Review the application with the applicant. Press strongly about the applicant’s prior work experience. Ask hypothetical questions. These questions can really reveal whether you may be looking at a problem employee.

Effective Use of the Probationary Period

During the probationary period, managers should not only evaluate objective criteria such as job performance and attendance, but also evaluate subjective areas like attitude and willingness to be a team player.
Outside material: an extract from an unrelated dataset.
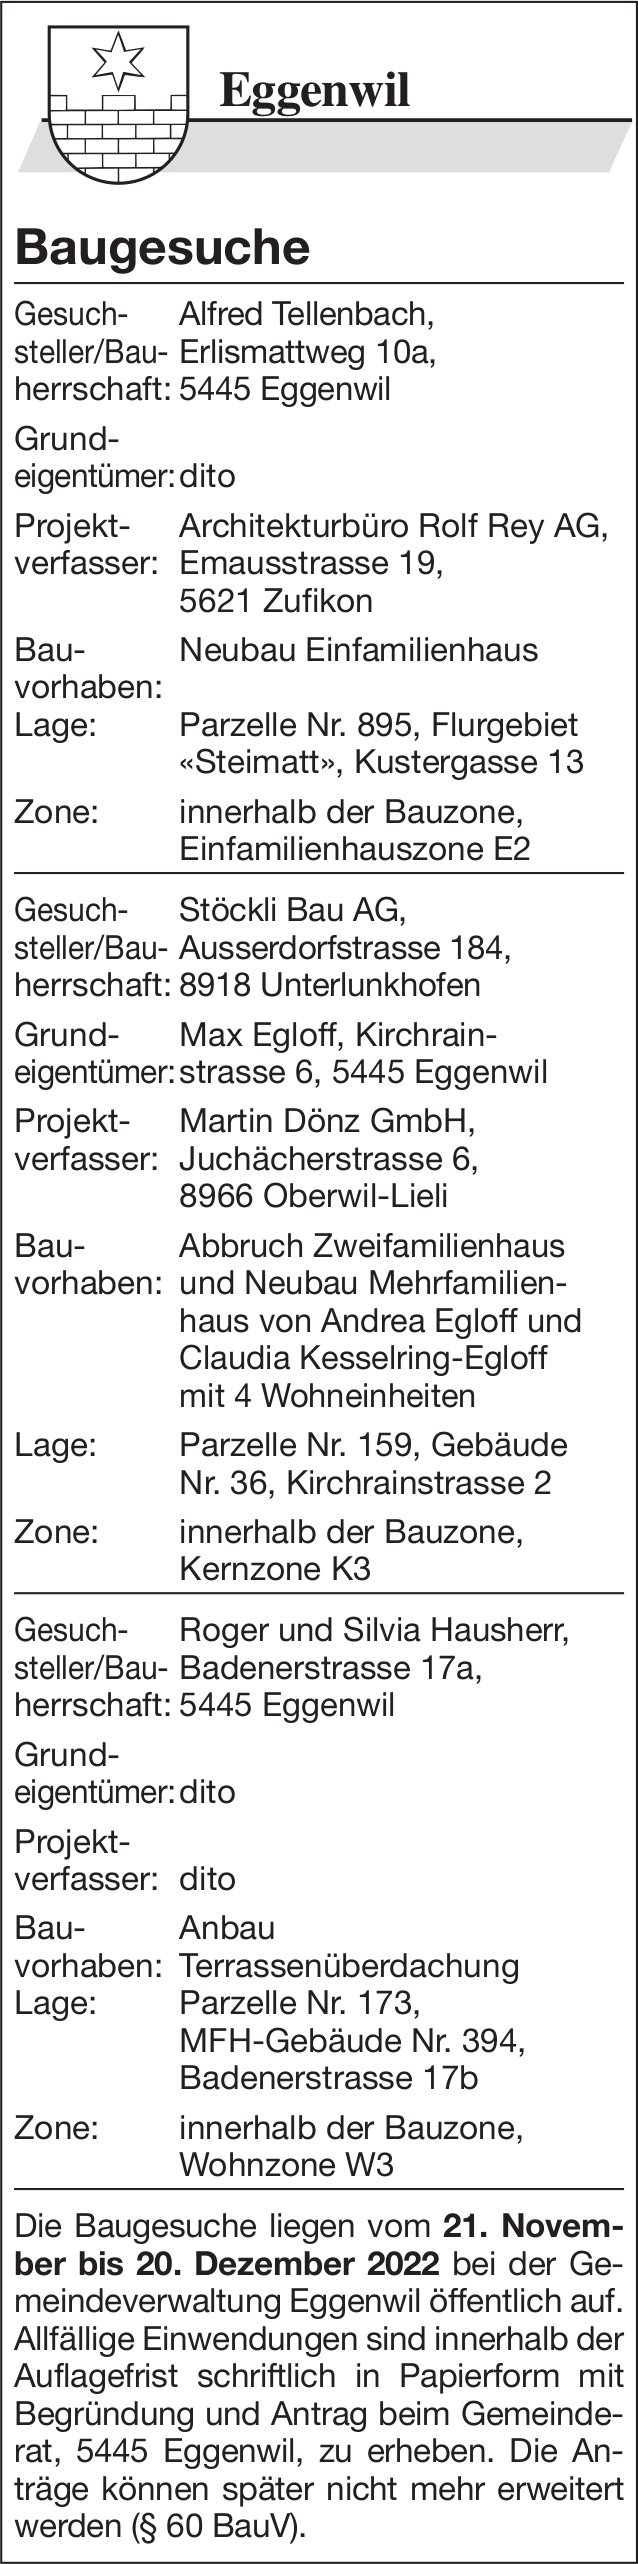 Baugesuche, Eggenwil - Alfred Tellenbach

Most employees are at their best attitude-wise when they first begin employment, so if an employee shows signs of becoming a problem in this initial period, steps should be taken to deal with the situation immediately before it becomes a bigger problem.

Handling Problem Employees

The most important advice in dealing with a problem employee is to actually deal with the problem employee – don’t be afraid to confront a problem employee. Chances are this person is adversely affecting morale and production in the workplace and can cause you problems down the road.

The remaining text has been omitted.